Please reproduce the listing verbatim, without its images.

___ Data excerpt ___

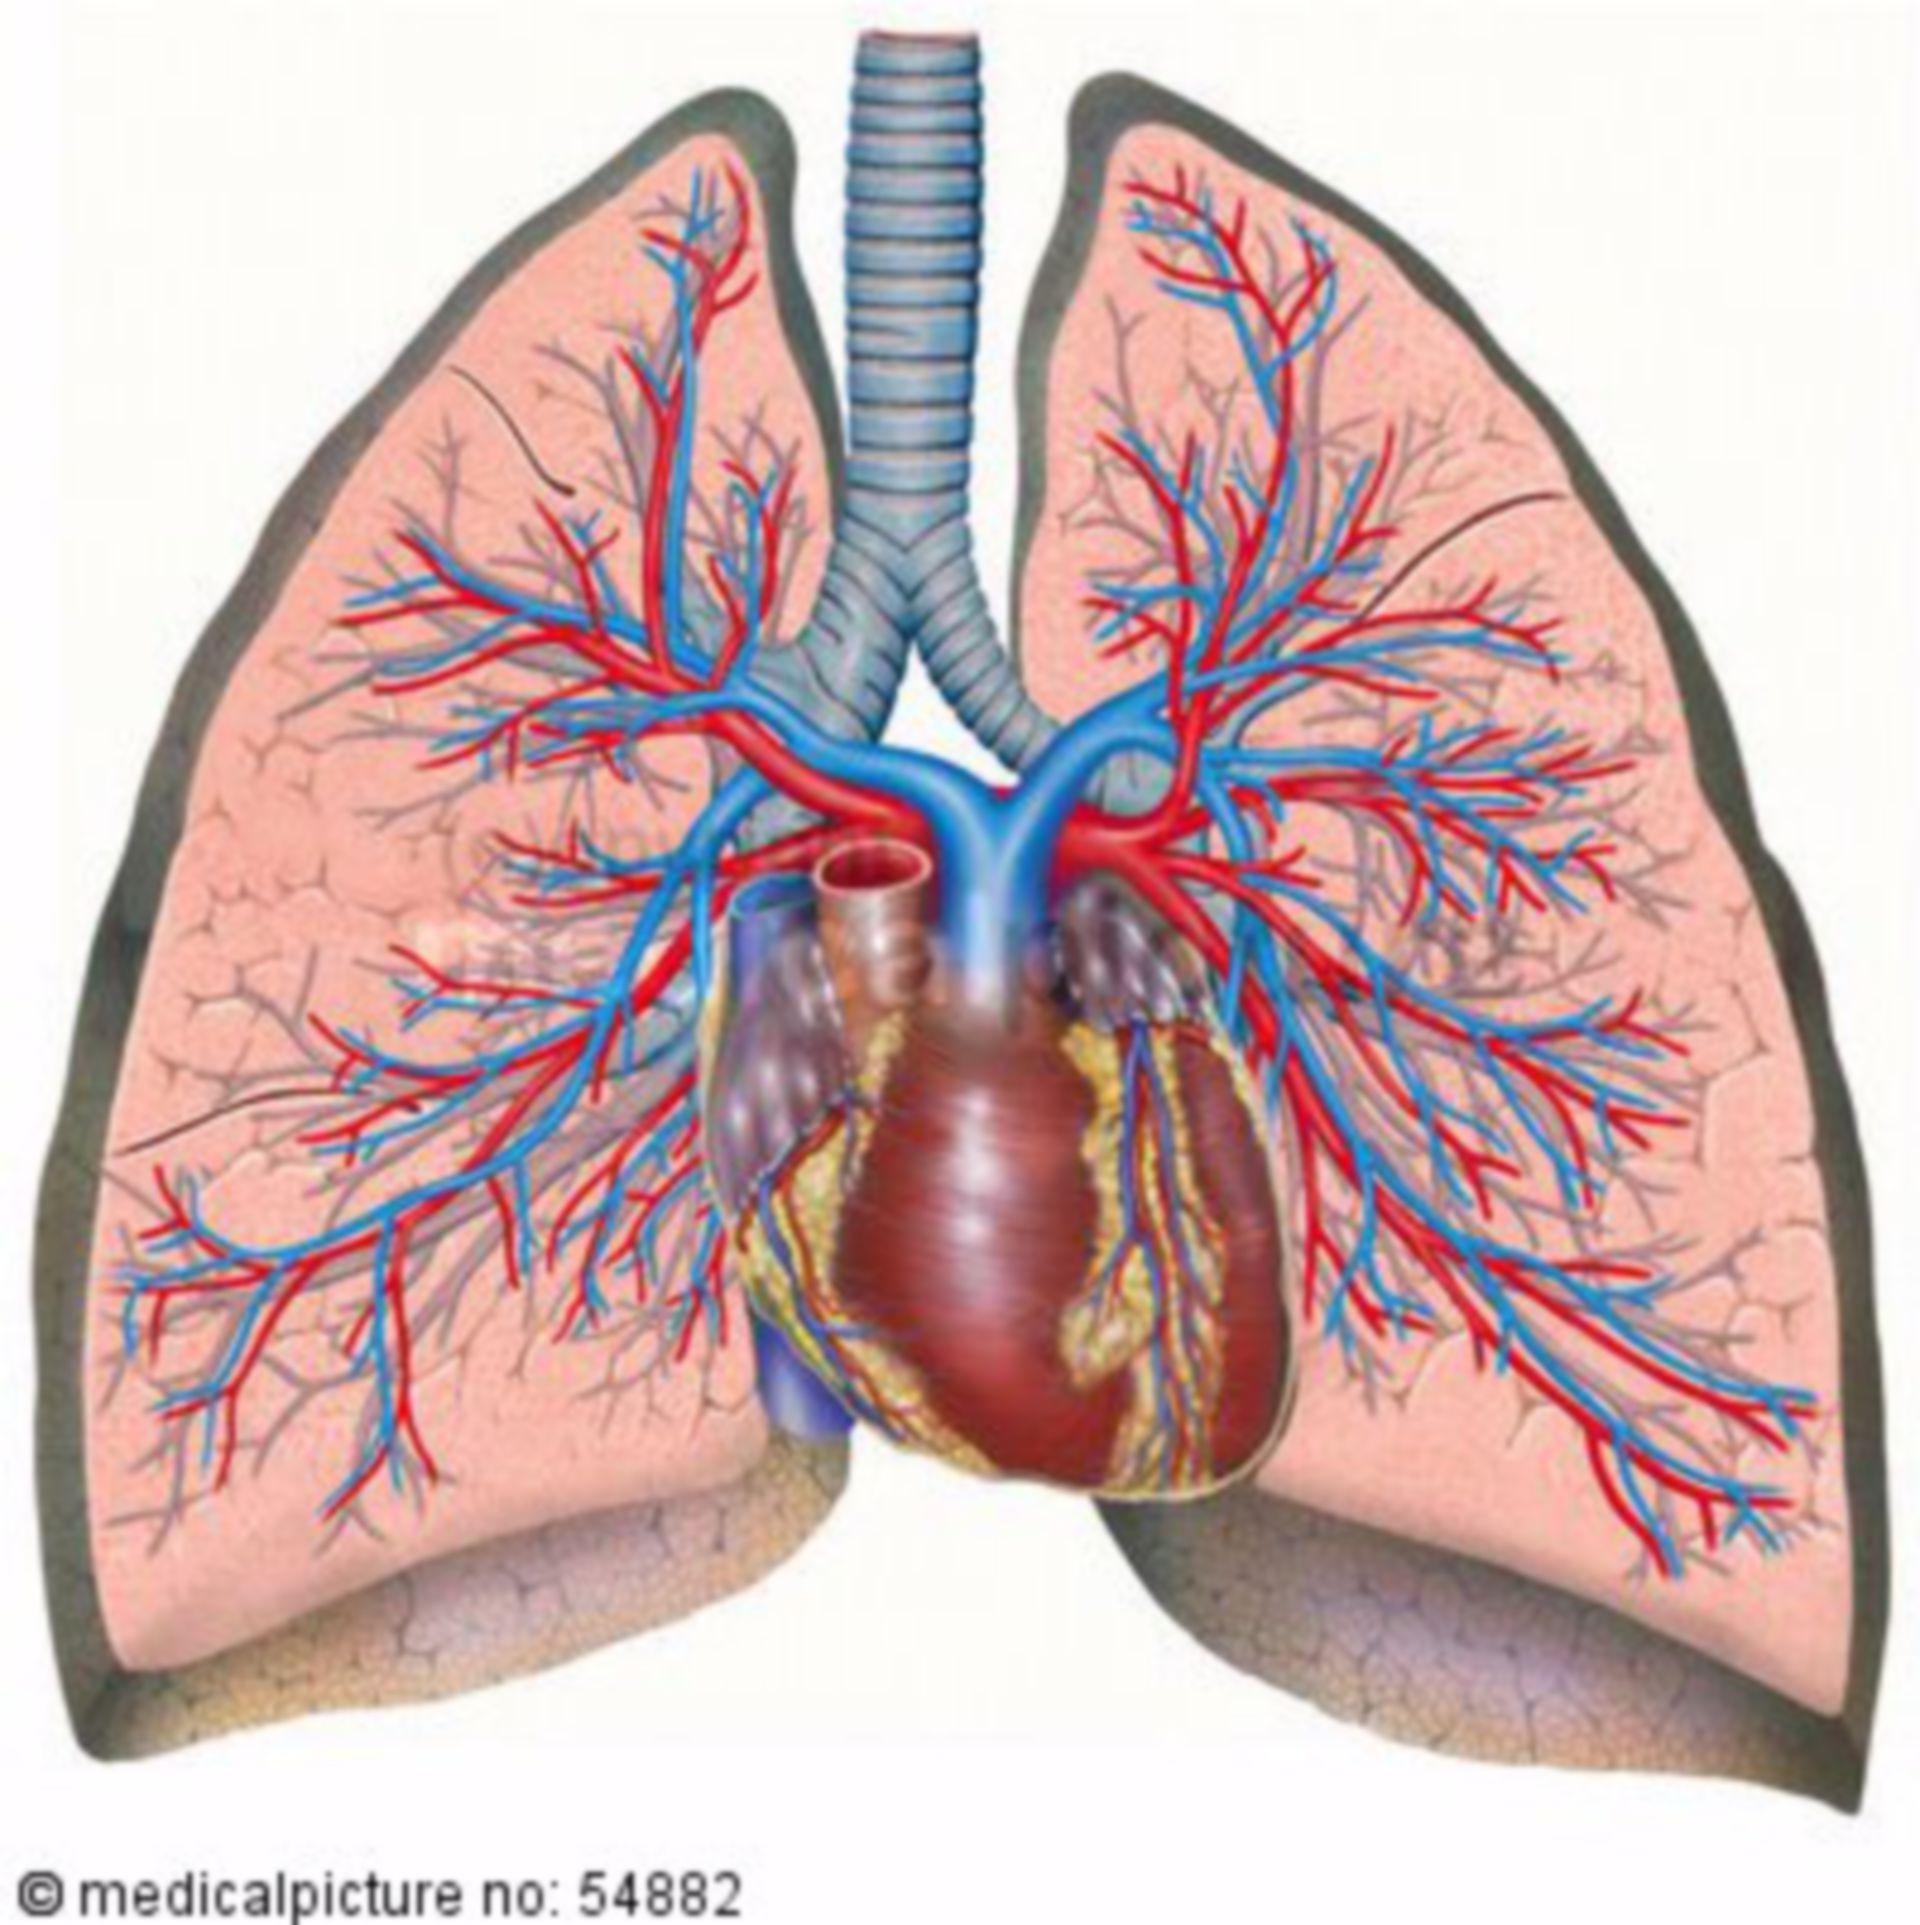 Thoracic organs
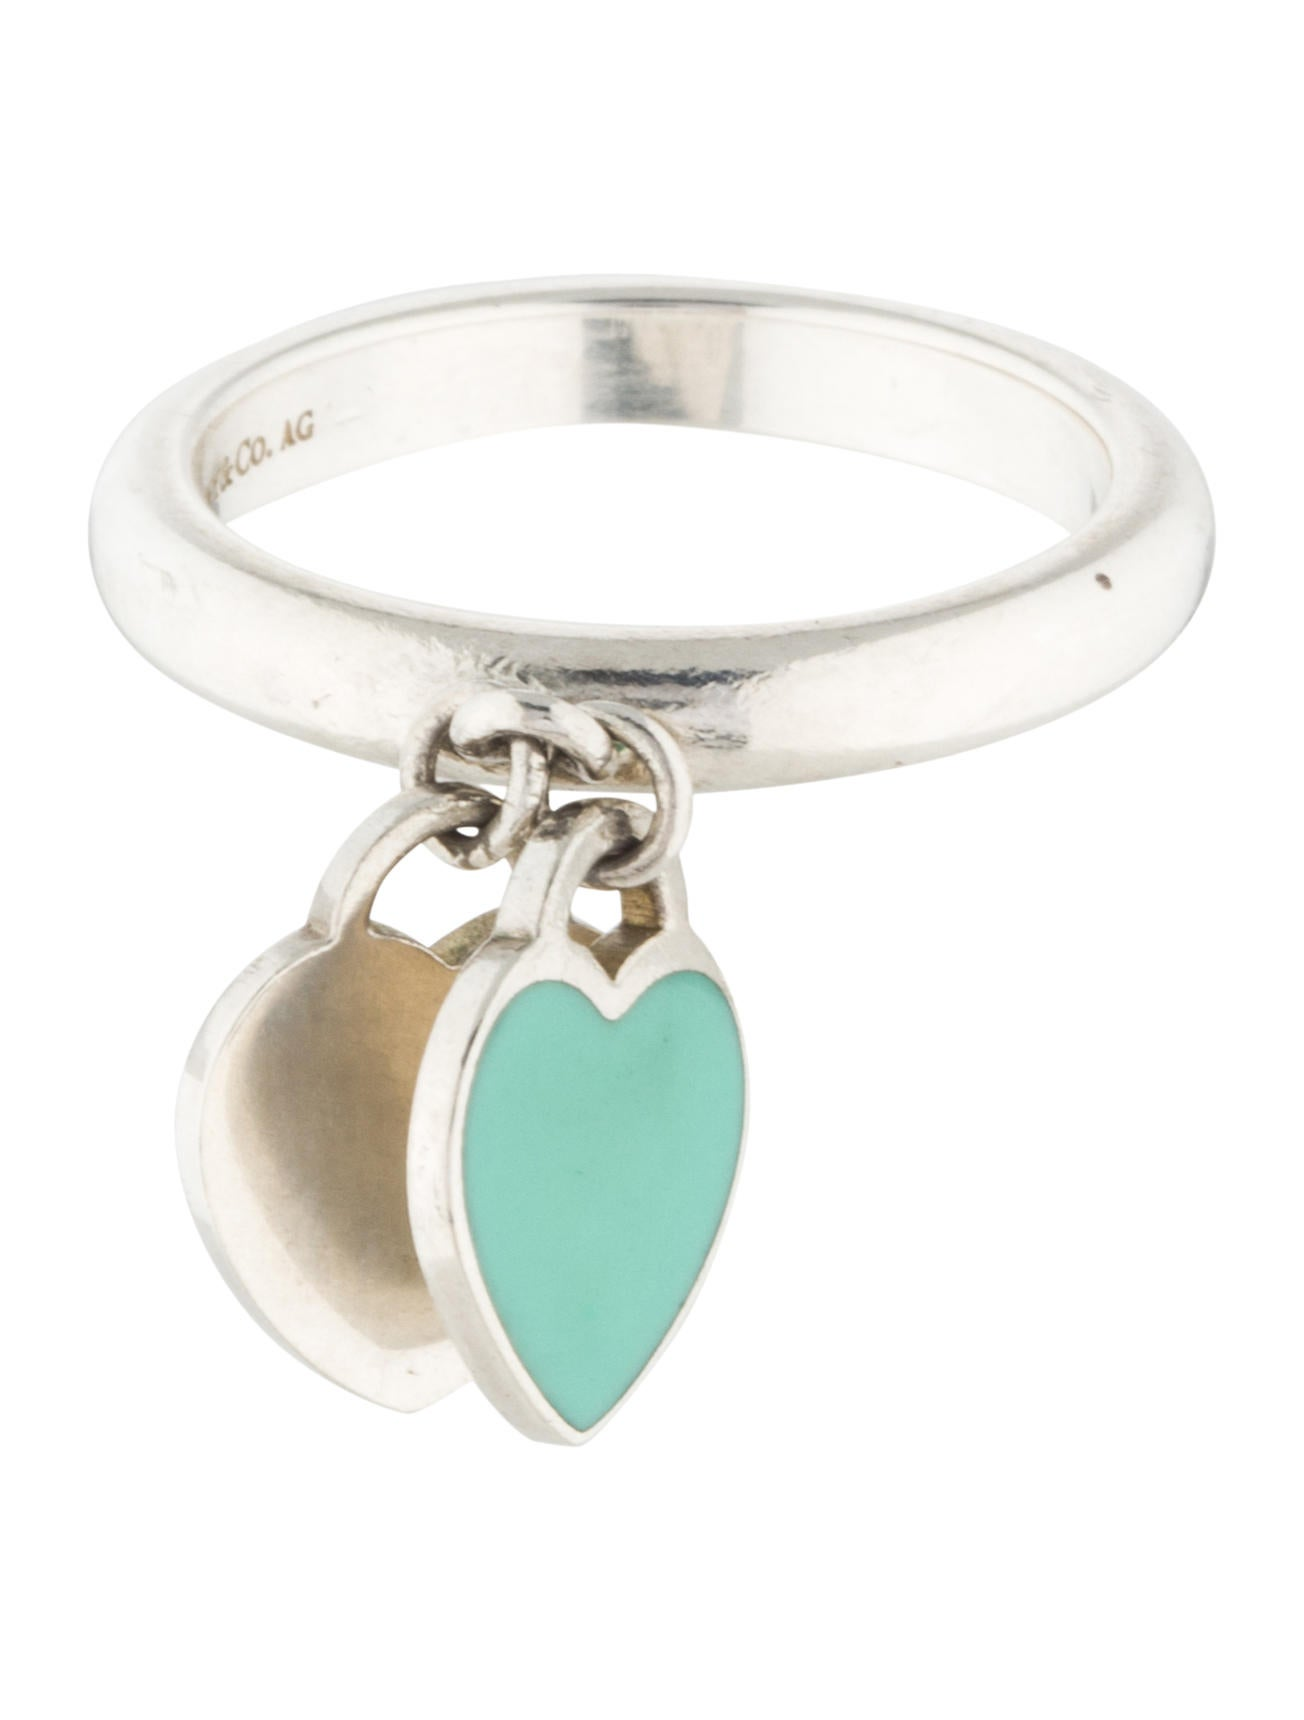 Tiffany co mini double heart ring rings tif54358 for Heart ring box
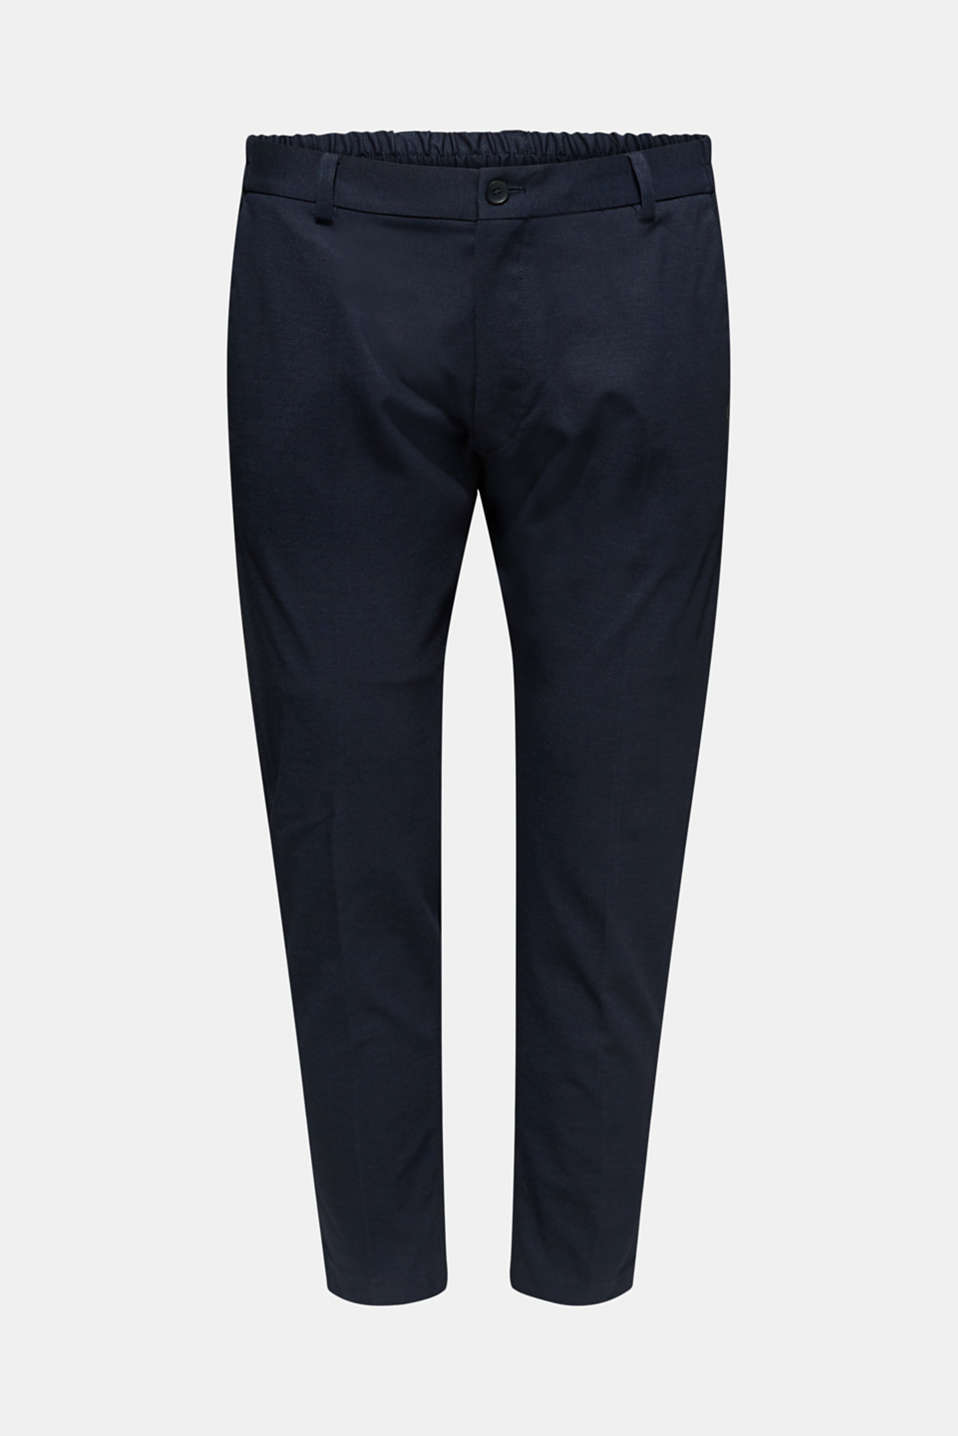 Pants suit, NAVY, detail image number 6

___

Problem solution:
 Thoracic organs
 Tiffany co mini double heart ring rings tif54358 for Heart ring box
 Pants suit, NAVY, detail image number 6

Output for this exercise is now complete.